「志乃〜呼び出されてるけどどーする?」と言うその声に一瞬教室内は静かになり、すぐにざわついた。それくらい衝撃的だったのだ。スリッパの色は一年生、まさか直接呼び出す度胸があるなんて…と。しかも、手紙にしても通りすがりに声をかけたにしても、遥が話を聞いた試しはないというのに。
「居ないって言って」
「いや見えてるけど。…てことで、いないらしいよ」
「……」
顔はよく見えないけれど、二つに結ったふわふわの髪が特徴的なその子は、一瞬俯いてから何かを決意したように顔をあげて中に入ってきた。「え、」と、思わず声を漏らしたのは谷口くんだけじゃないだろう。その子は一直線に僕らのところへ来て、足を止めた。
「あの、」
「……」
「あの、志乃先輩」
一声目は無視をかました遥も二度目の呼びかけに目だけは彼女へ向けた。
「話が、あるんですけど」
「…なに」
「ここで、告白して良いんですか?」
「別に、良いけど」
いや良くないよ。なんて僕の意見を述べる隙もなく、その子はゆっくり遥の腕を掴んだ。
「好きです。付き合ってください」
「無理です」
本当にすごい度胸。けれどそれをあっさり間髪いれずに打ち砕いた遥もすごい。付き合っている身としてはこれ以上安心することはないから、少しだけ嬉しくもあったのだけど。
「付き合っている人がいるって、本当ですか?」
「本当」
「じゃあ写真とか見せてください」
「なんで」
「じゃなきゃ納得できません」
「別に、しなくていいよ」
「じゃあ諦めません」
「迷惑だから」
「ちょ、志乃、君も、ちょっと落ち着いてよ。ね、ほら、教室だし」
「わたし、志乃先輩と話してるんですけど」
どうどうと落ち着かせようとした谷口くんにまで強い口調は飛び火して、あげくのはてには殺すんじゃないかってくらいの目付きで谷口くんを睨んでいた。

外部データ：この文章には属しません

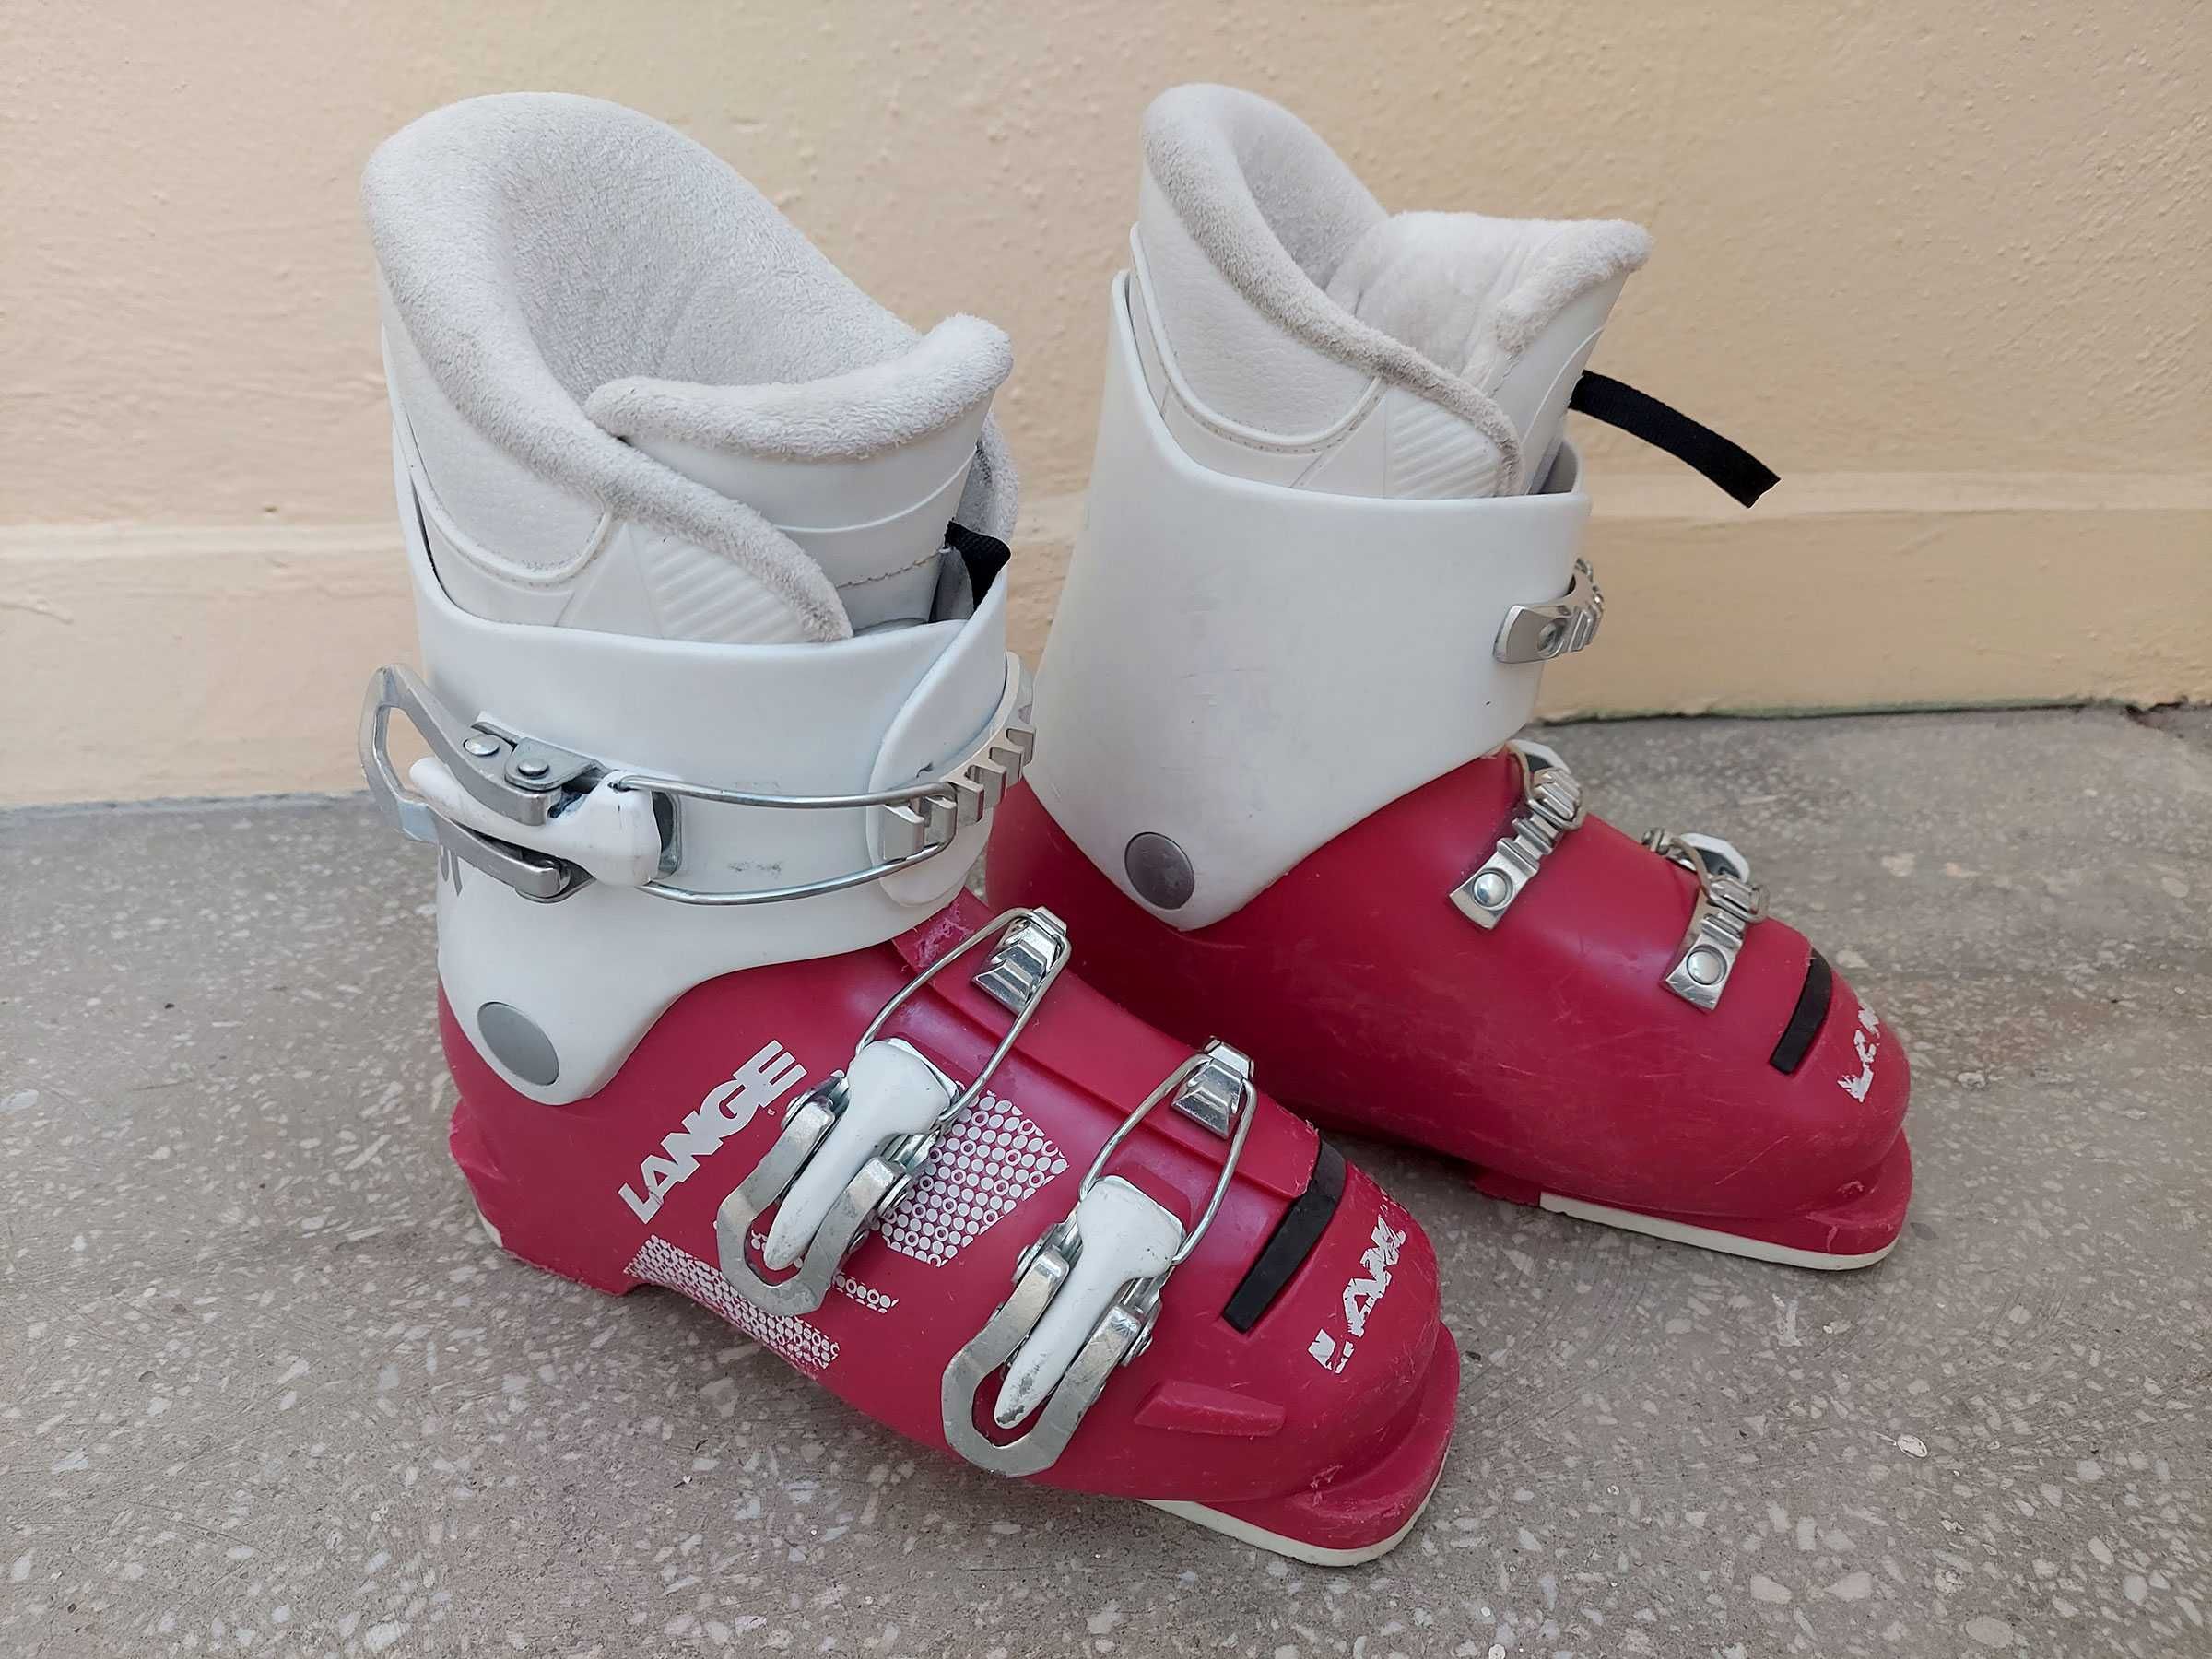 Buty narciarskie Lange Starlet 50 rozmiar 20-20,5

「あのさ、志乃の彼女、まじで可愛いよ。料理とか家事は何でも出来るし、頭も良いし、優しくて思いやりもあるし。君みたいに自分勝手なこともしない。常識もあって、君が入る隙間、ないと思うけど」
「一年五組の水谷なぎさです」
そこなんだ、谷口くんの渾身の褒め殺しをスルーしてそこなんだ。その言葉の全部が僕に当てはまると思って言ったのかは謎だけど、そこまで言う谷口くんも相当頭にきているのかもしれない。
「谷口くんの言う通りだから、もう出てって」
「……」
「分かんない?」
「…分かりました、失礼します。でも、また来ます」
最後まで強気な水谷さんは、教室からも廊下のギャラリーからも、すごい視線を集めて出ていった。遥の態度を目の当たりにした周りの子は、流石にやばいと思ったのかそそくさと散っていった。
「スゲーのに惚れられたなあ」
「嬉しくない〜」
「音羽?どうかした?」
「へ、あ、ううん、なんでもない」
「大丈夫か?」
「うん、平気。すごいなーと思って」
本当にそう思っていた僕に、遥はやんわりと手を繋いできて「ごめんね」と呟いた。遥が謝ることじゃないよと言っても、しゅんと垂れた耳と尻尾が見えた気がしていたたまれなくなってしまった。水谷さんも、あんなに怖い顔をしていなければ、きっと可愛らしい雰囲気を出せるだろうに。女の子なんだからと、少し引け目を感じたことは胸の奥に押し込んだ。どちらかと言えば可愛らしい、に入るであろう彼女の、けれど意思の強そうな目が印象的だった。無差別に、怖いなとも、同時に思った。
その日、遥は学校帰りにそのまま美容院へ向かった。まおのお迎えがなくなった今、帰りに買い物をしようとスーパーに寄ると、時間を気にしなくて良い分意識が散漫になるのか、どうしても買い忘れがでるようになってしまった。それでも一人で買い物を済ませて帰ると、美容院中の遥からメールが来た。
「終わったら会いにいっても良い?」という旨のそのメールに、オーケーの返事をする。まさか今日中に見られるとは、なんて浮かれぎみに食材を片付けた。
まおは僕より先に帰っていて、もうリビングで意気揚々と宿題を広げている。ちゃんと戸締まりもできるし、最近はご飯のお手伝いもお皿だしだけじゃなく、野菜を切ったりまでしてくれる。本当は少し怖いけど、そんな成長が見れることはすごく幸せだ。
「りんちゃん」
「んー?」
「今日はるちゃんは?」
「もう少ししたら来ると思うよ」
と言っても、顔を見に来るだけだと思うけど。僕に一番に見せに行きたいと思ってくれただけでも充分嬉しい。まおもきっと遥の変化に気づいて満面の笑みを浮かべるのだろう。